[MATERIAL TO PROCESS Boundary: Start]

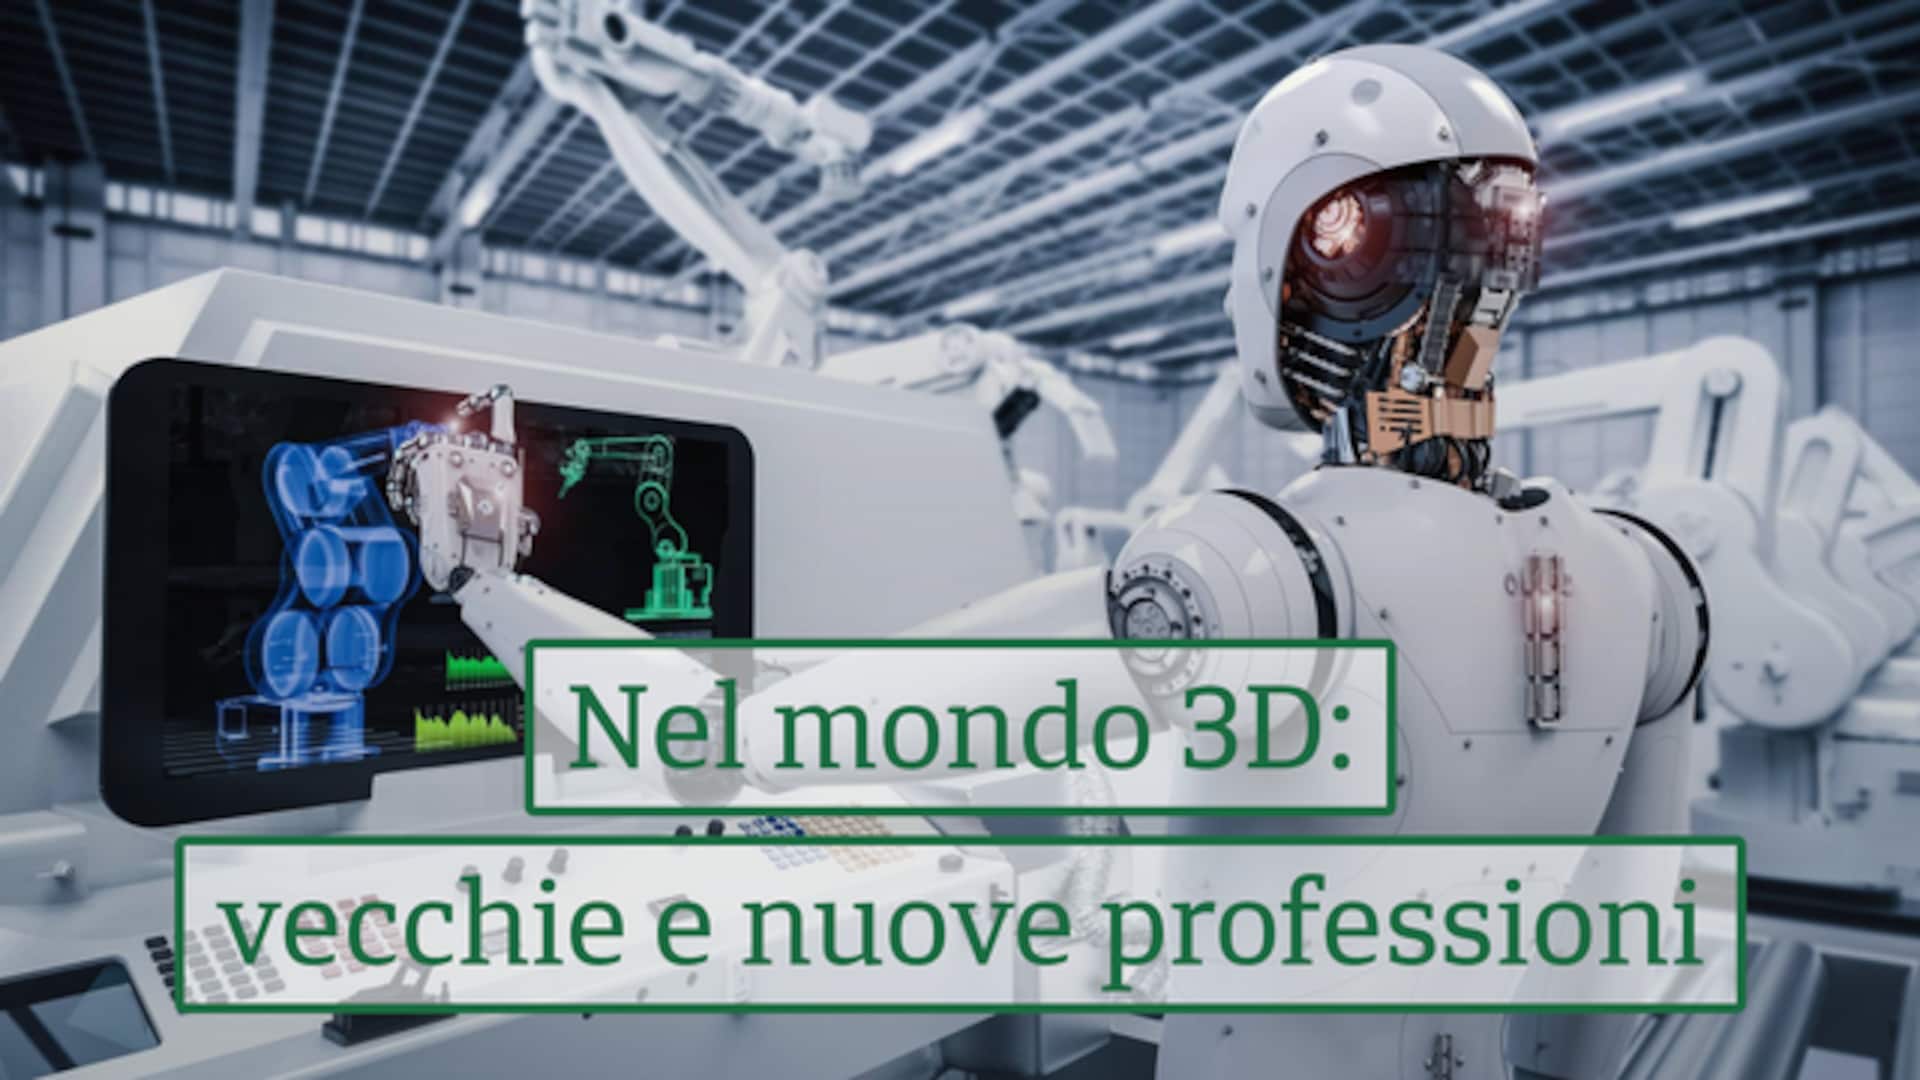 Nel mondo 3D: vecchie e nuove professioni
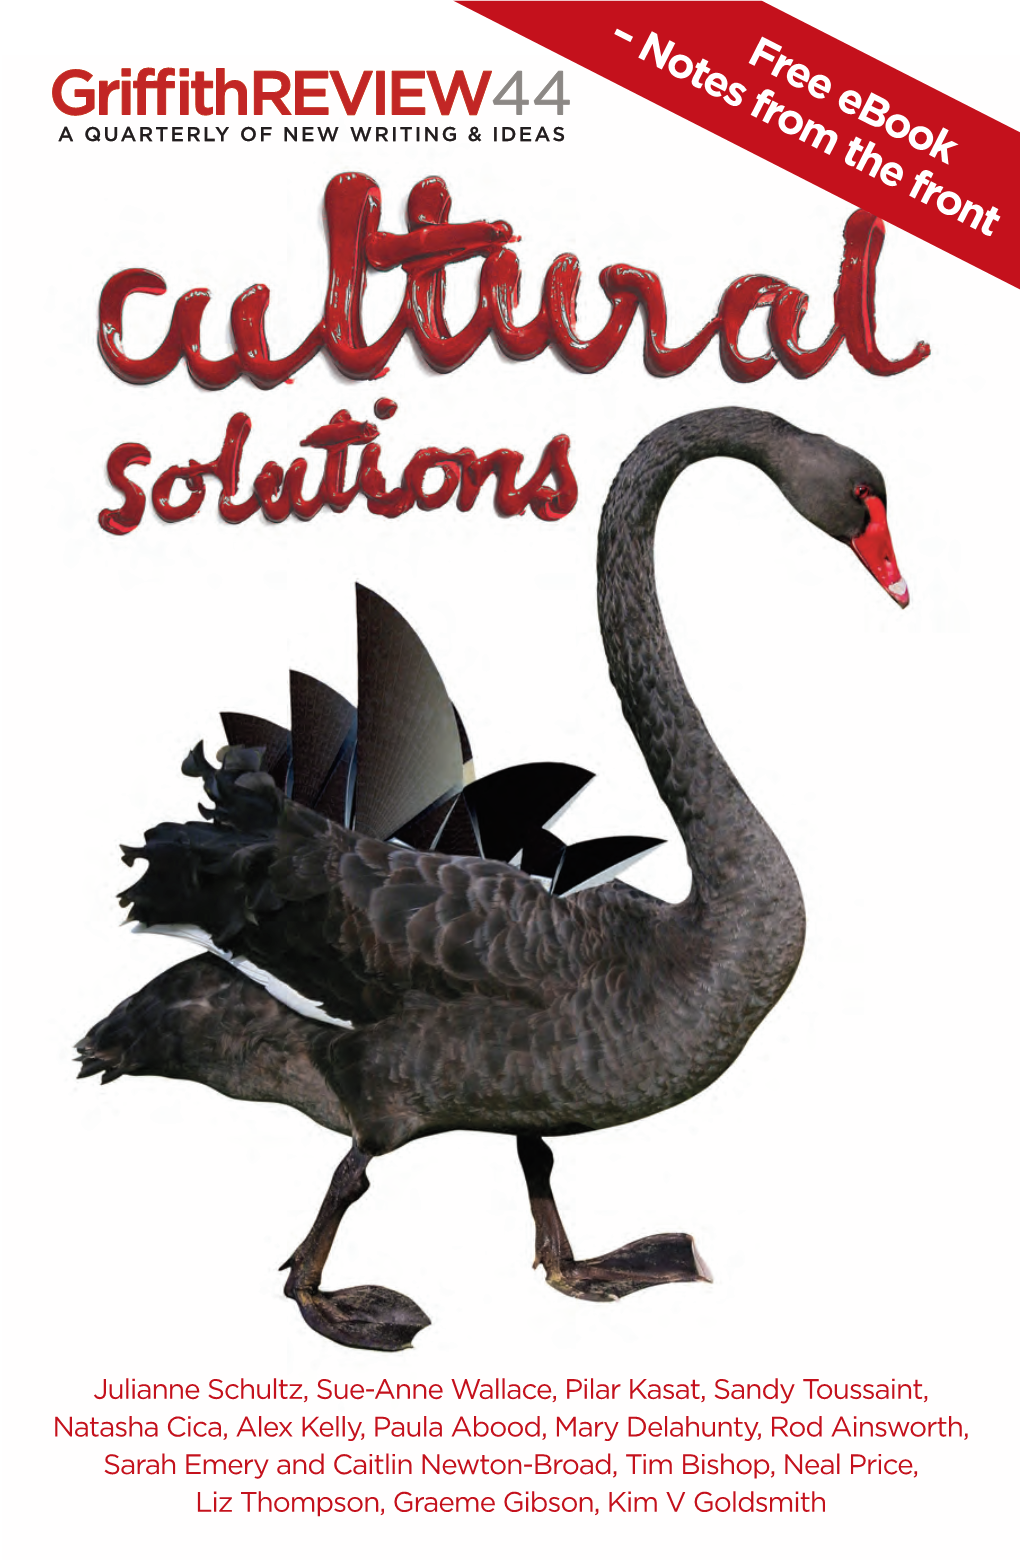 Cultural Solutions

[MATERIAL TO PROCESS Boundary: End]
[MATERIAL TO PROCESS Boundary: Start]

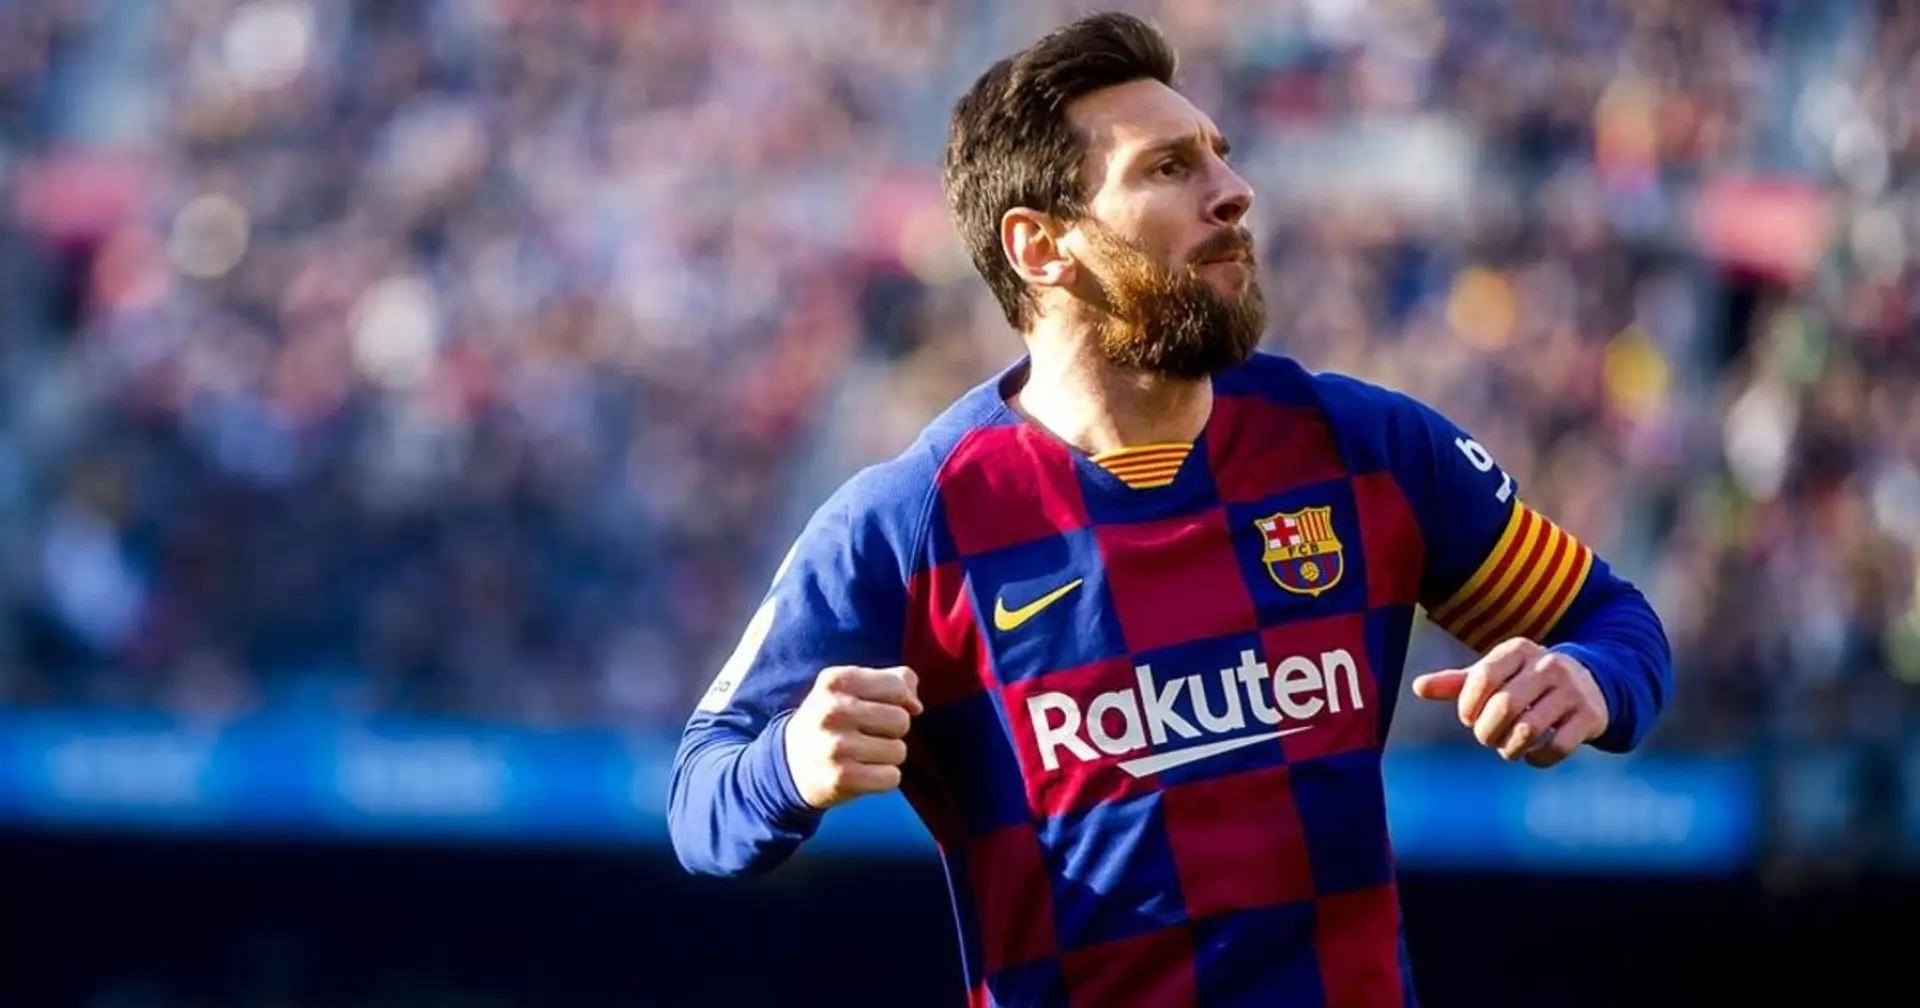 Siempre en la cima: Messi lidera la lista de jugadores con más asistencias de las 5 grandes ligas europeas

[MATERIAL TO PROCESS Boundary: End]
[MATERIAL TO PROCESS Boundary: Start]

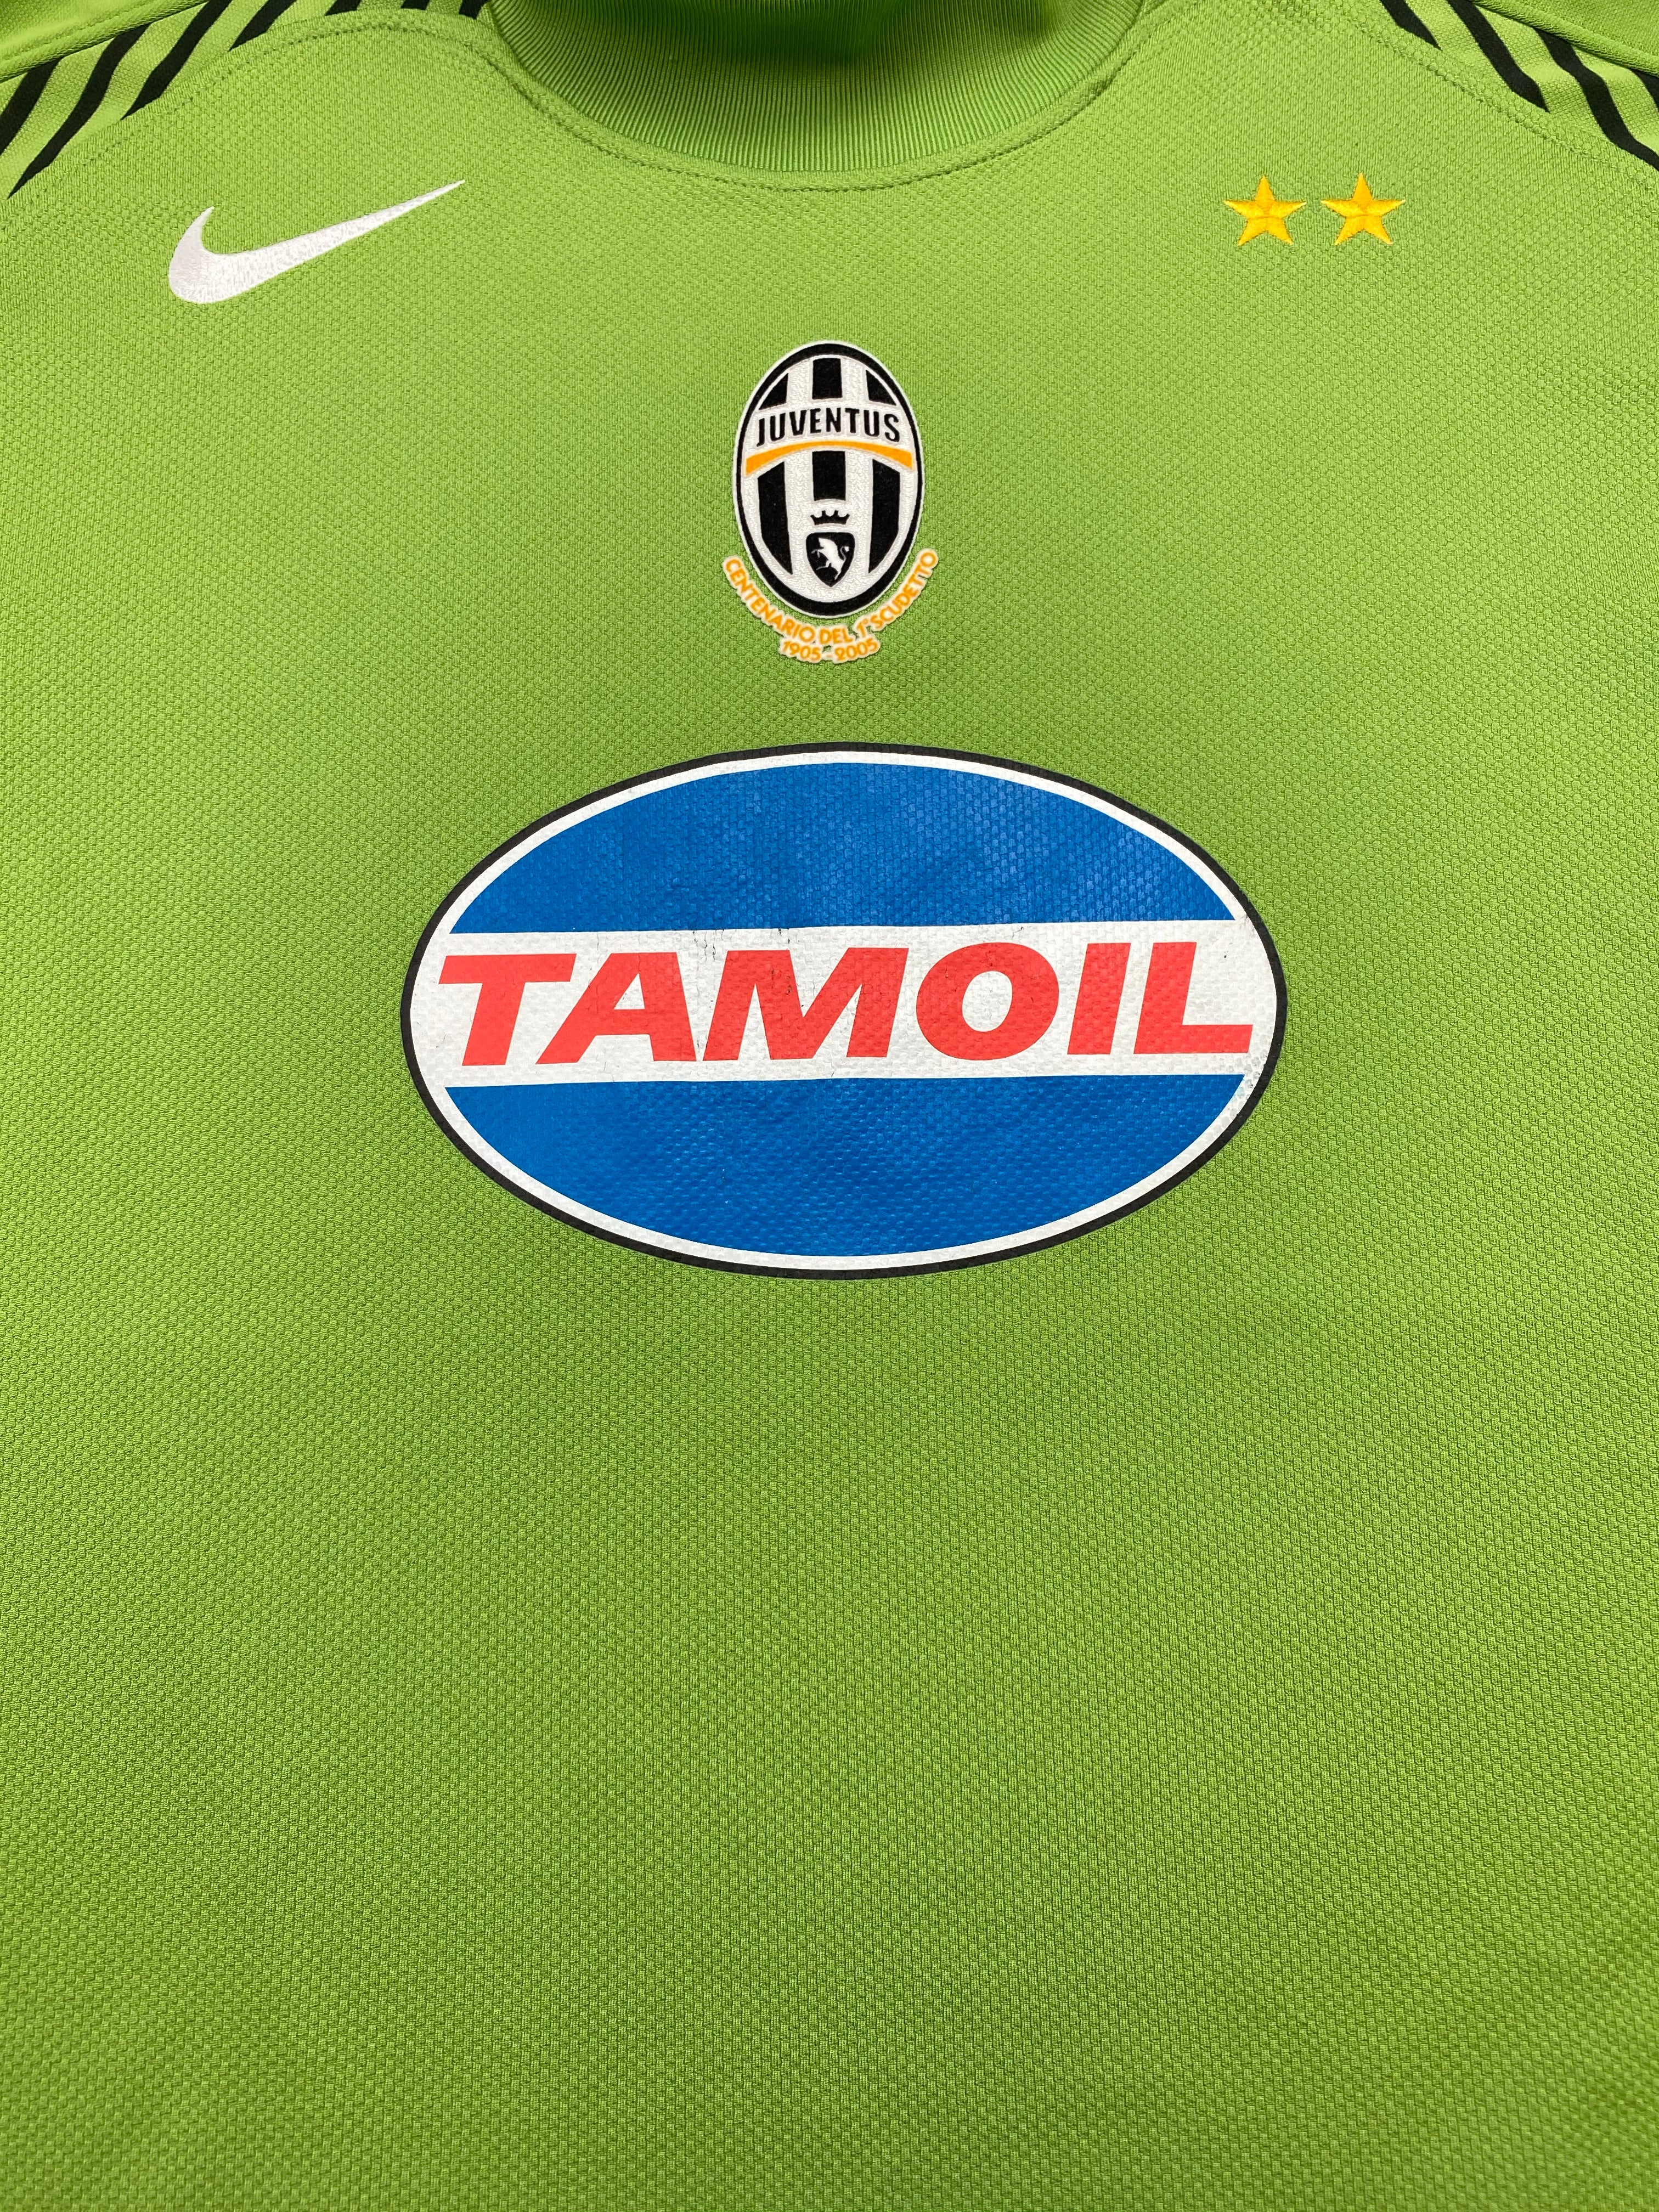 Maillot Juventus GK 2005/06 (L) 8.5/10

[MATERIAL TO PROCESS Boundary: End]

WHAT YOU SHOULD DO – The stretch to restate runs from the line above containing "Nel mondo 3D: vecchie e nuove professioni" through the line containing "Cultural Solutions". Copy it word for word, ends included, without pictures.

ANSWER TO THIS EXERCISE –
 Nel mondo 3D: vecchie e nuove professioni
 Cultural Solutions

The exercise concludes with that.